Understanding gaps in implementation of national HIV policies in South African public health facilities using Ritshidze community-led monitoring data


BACKGROUND: South African HIV policies and guidelines incorporate human-rights and people-centered approaches to healthcare, a critical strategy for closing retention and viral suppression gaps. These standards include guidelines for friendly, efficient, and private/non-coercive healthcare services that are not often captured by traditional service delivery monitoring. Using data from the Ritshidze Community-Led Monitoring (CLM) Programme in South Africa, we describe the extent to which quality of care aspects of policies are being implemented with fidelity.
METHODS: Ritshidze community monitors conducted electronic surveys at 402 PEPFAR-funded facilities in South Africa, surveying 7,654 public healthcare users from April 1 to June 30, 2021. CLM data from indicators on friendliness of staff (n=2), efficiency (n=1) and privacy/non-coercion (n=2) were compared to HIV-related National Department of Health (NDOH) standards, charters, and guidelines to measure the extent to which public healthcare users reported adherence to national policies.

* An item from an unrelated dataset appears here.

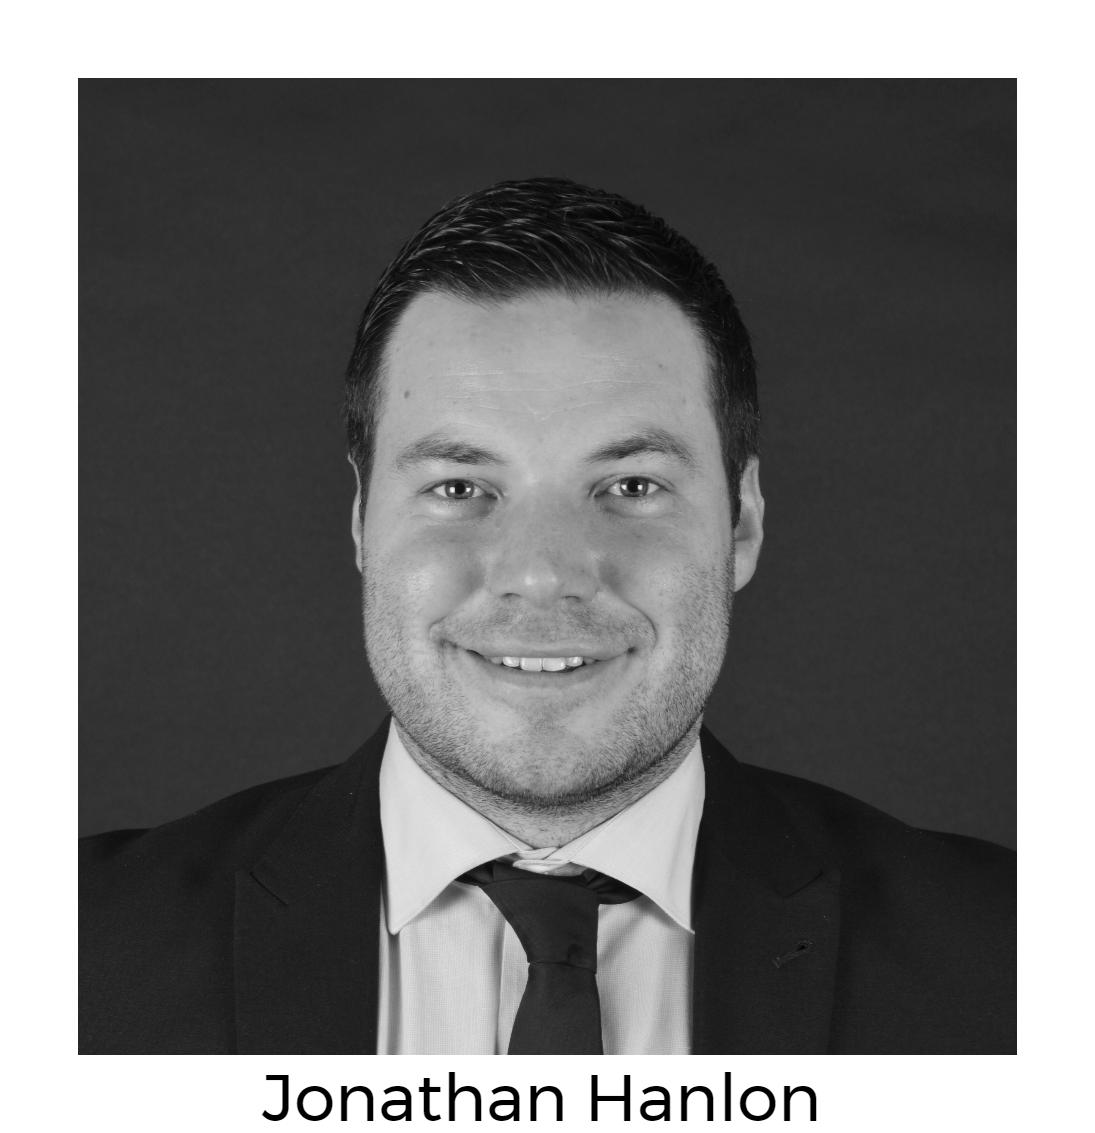 Jonathan Hanlon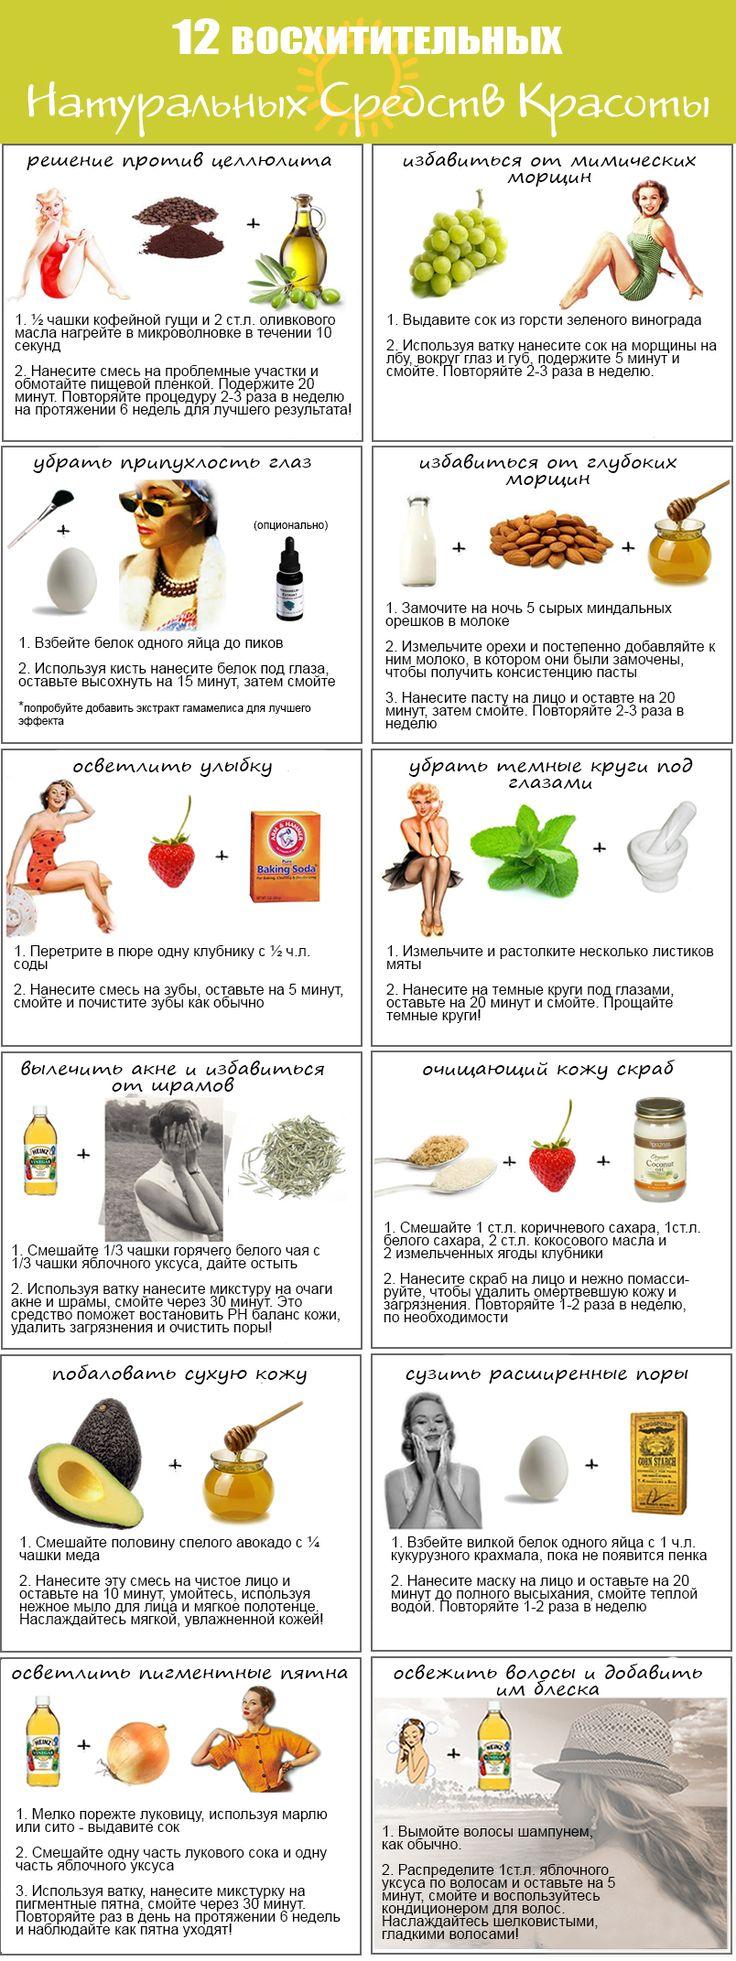 Натуральные рецепты красоты

RESULTS: CLM indicator alignment with NDOH guidelines on friendliness was low, with 16% of PLHIV reporting staff are welcoming when they return to the facility after missing a visit and 62% of respondents reporting that staff are always friendly and professional (Table 1). Alignment with guidelines related to privacy/non-coercion was higher, with 90% of PLHIV reporting the facility keeps people's HIV status confidential, and 79% of respondents report being told they could refuse to give the names of their sexual partners during index testing. Clinic efficiency was rated generally low, with 31% of respondents reporting the queue at the facility is not long. Provincial variation was reported, with ranges from 14% (efficiency) to 29% (non-coercion).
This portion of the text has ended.